Celestial Blue vs Shining Scale
Where Celestial Blue belongs to Little Greene's range, Shining Scale is a PPG color. Celestial Blue reads as blue-green, while Shining Scale reads as grey — two distinct hue families, not close cousins. Shining Scale (LRV 72) reflects noticeably more light than Celestial Blue (LRV 44), a difference of 28 points that becomes especially apparent in rooms with limited natural light. With a ΔE of 17.2, the contrast is hard to miss. These aren't variations on a theme — they're two different answers to the same question. Below you'll find 4 real-room photo comparisons where both colors appear side by side, plus 5 simulated room previews.
Celestial Blue vs Shining Scale in Real Spaces
4 real rooms side by side. Seeing Celestial Blue and Shining Scale in actual rooms makes the difference concrete; browse the spaces below to get a feel for how each color lives on a wall.
Living Room
In a living room, color works across both daylight and evening light — the same wall can read very differently at noon and at 8pm. The LRV gap is large enough that Shining Scale will make the room feel meaningfully brighter than Celestial Blue would.
Bedroom
The context that matters most in a bedroom is how a color reads under a bedside lamp at night, not under noon daylight. Shining Scale reflects noticeably more light off the walls, making the space read more open than Celestial Blue.
House
Seen across an entire facade, subtle tonal differences become pronounced. What reads as nearly the same on a chip often reads as clearly different at scale. Shining Scale reflects noticeably more light off the walls, making the space read more open than Celestial Blue.
Front Door
A front door is a focal point — small color differences read clearly at this concentrated scale. The LRV gap is large enough that Shining Scale will make the room feel meaningfully brighter than Celestial Blue would.
Color Details
Celestial Blue vs Shining Scale Simulated Comparison
5 simulated room previews — drag the slider on each to see Celestial Blue on one side and Shining Scale on the other.
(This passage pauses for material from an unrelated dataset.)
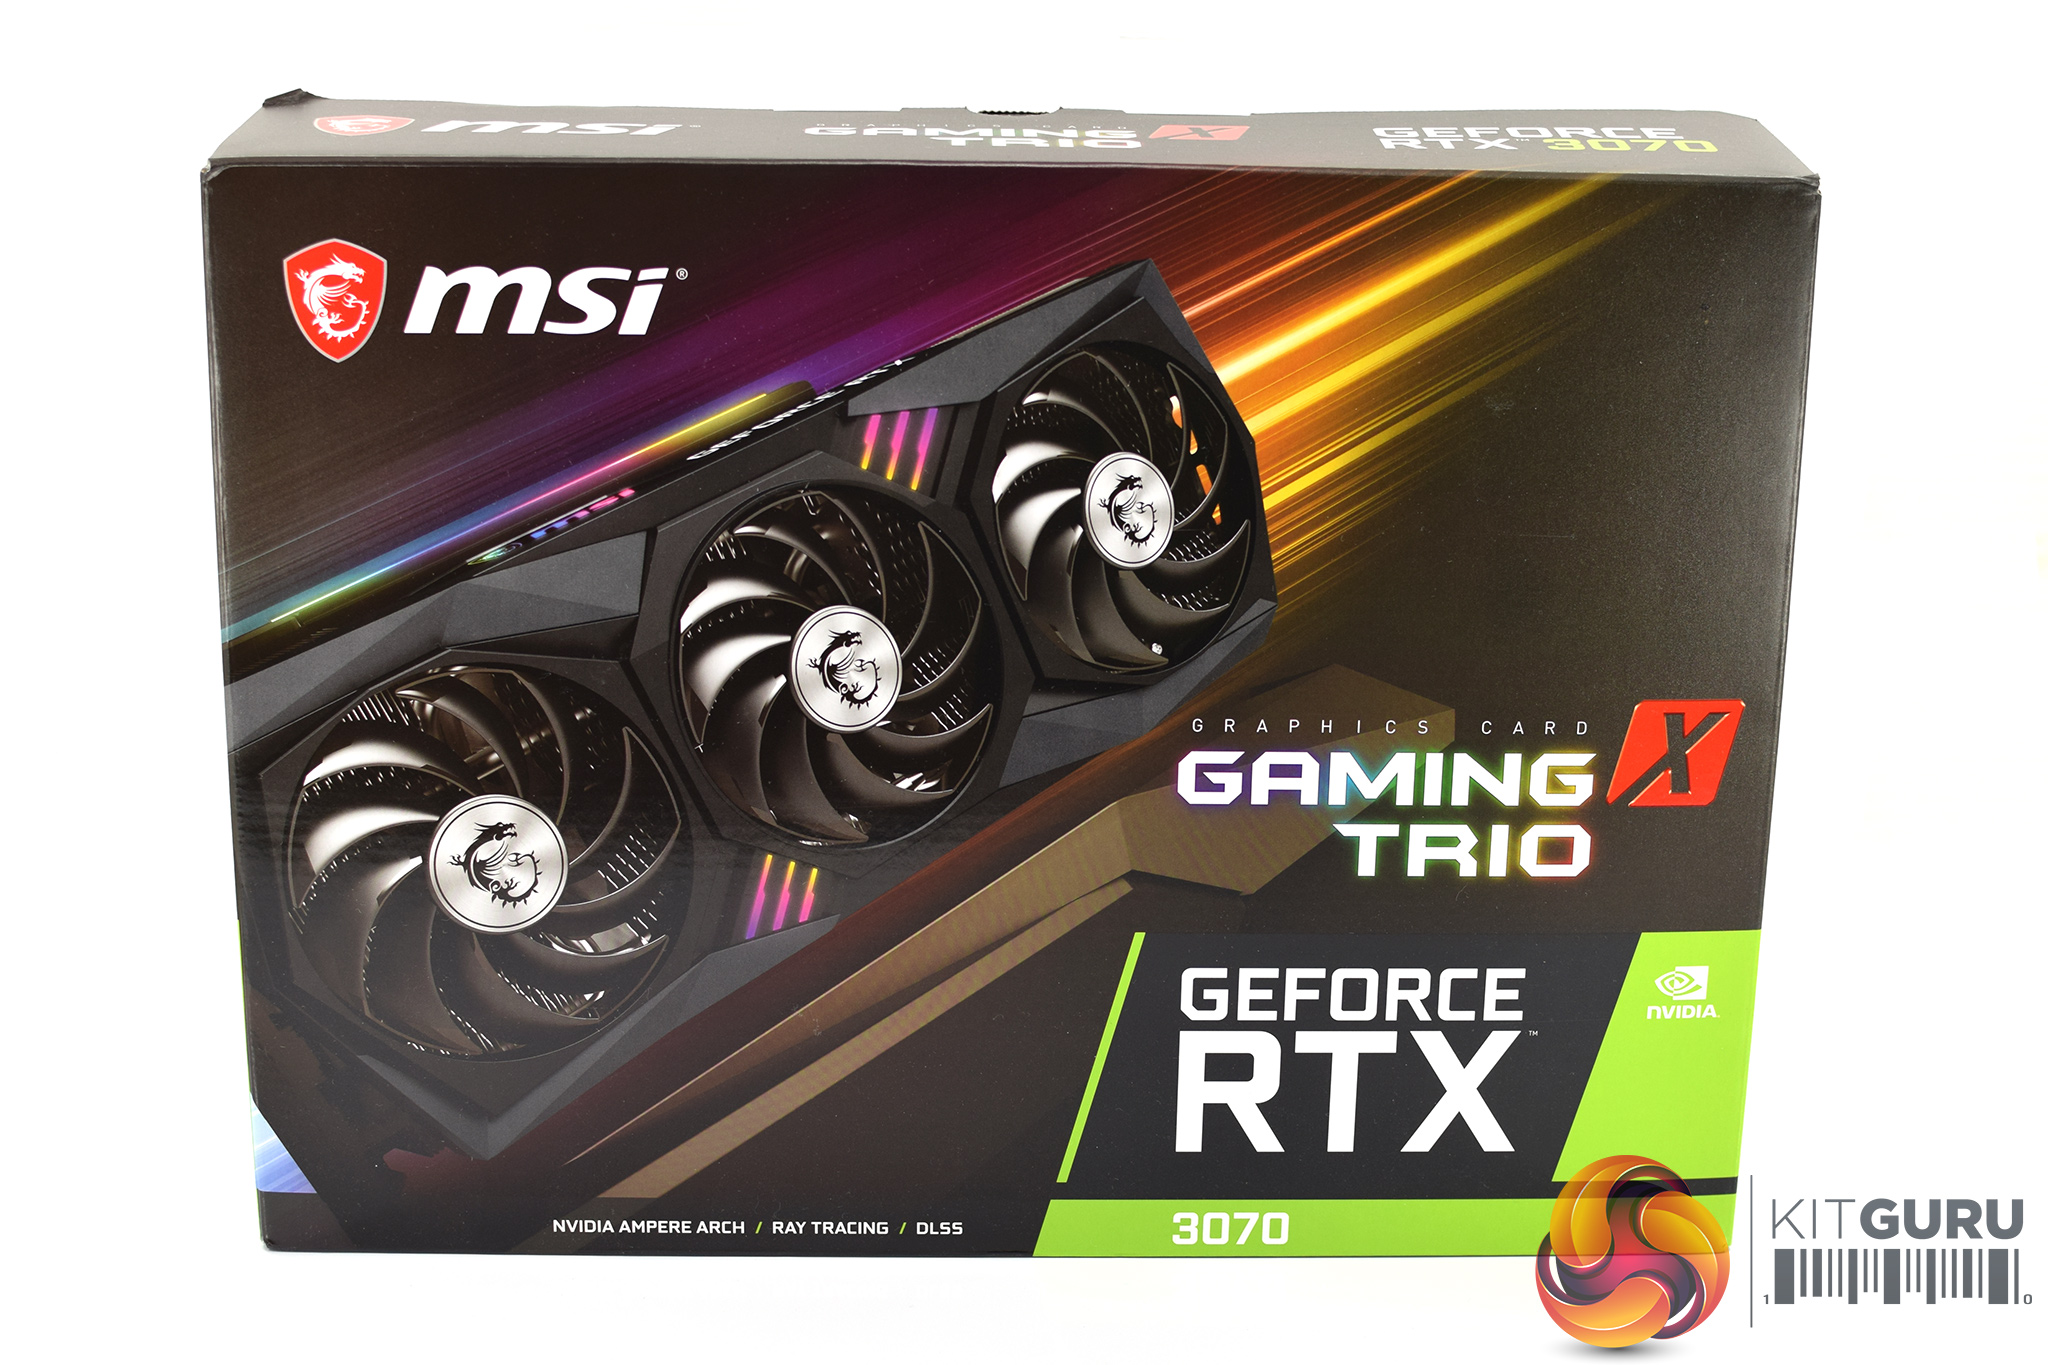 Geforce rtx 4090 gaming x trio. RTX 3060 ti 8gb коробка. RTX 3080 MSI. MSI RTX 3070 ti Gaming Trio. RTX 3060 MSI 8gb.
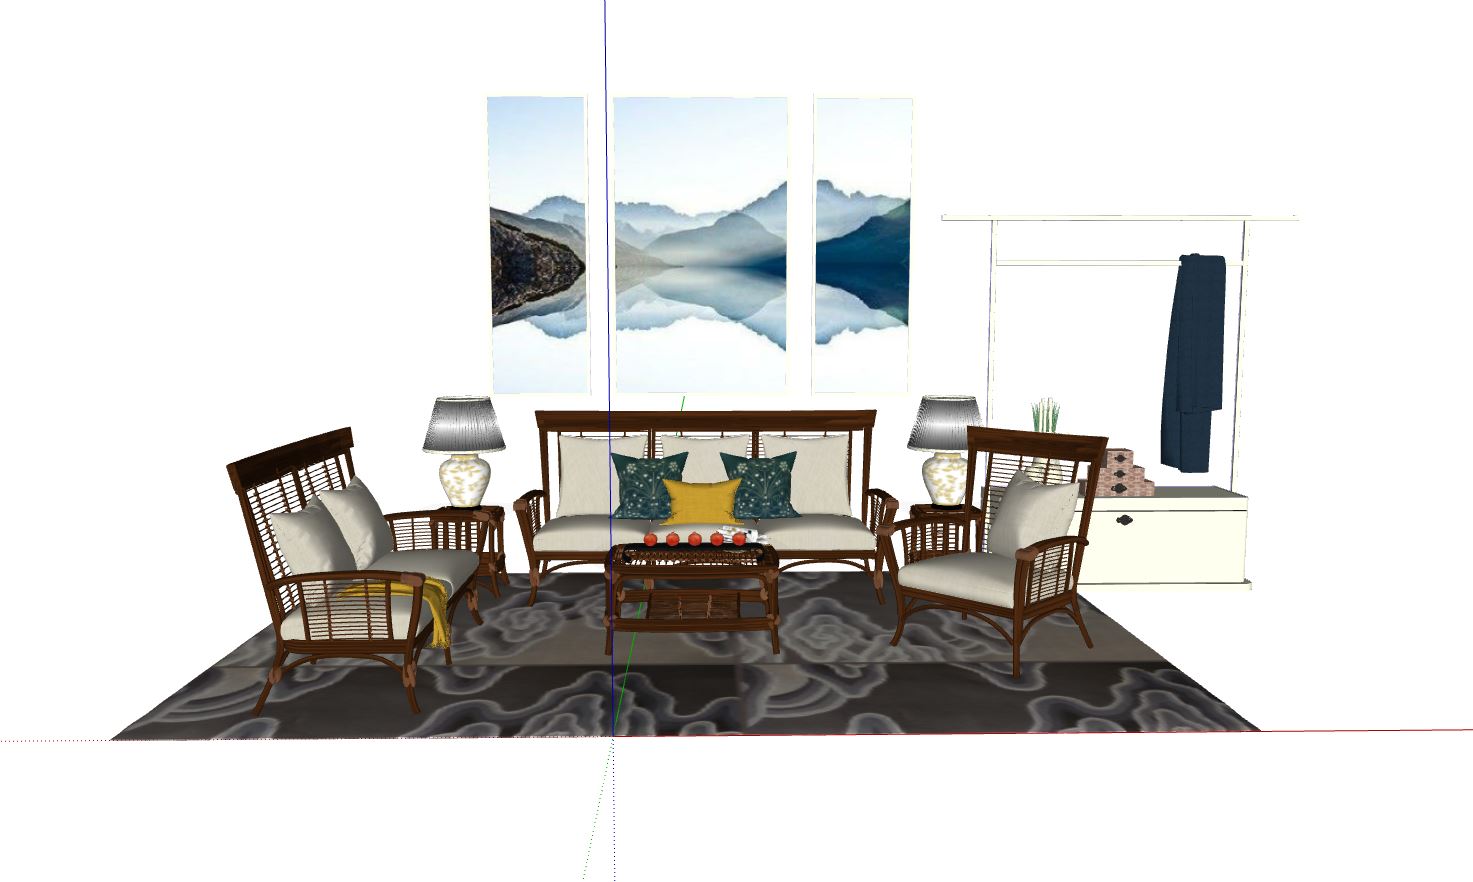 nội thất phòng khách,sketchup phòng khách,mẫu 3d nội thất phòng khách,phối cảnh nội thất phòng khách

Digital color is approximate. These simulations are generated from the manufacturer's hex values and overlaid on grayscale room photos — your screen's calibration, brightness, and viewing angle all affect how they render. Before committing to either color, test physical samples in your own space under the light you actually live with.
More Celestial Blue comparisons
See how Celestial Blue stacks up against other well-photographed colors across different brands and tones.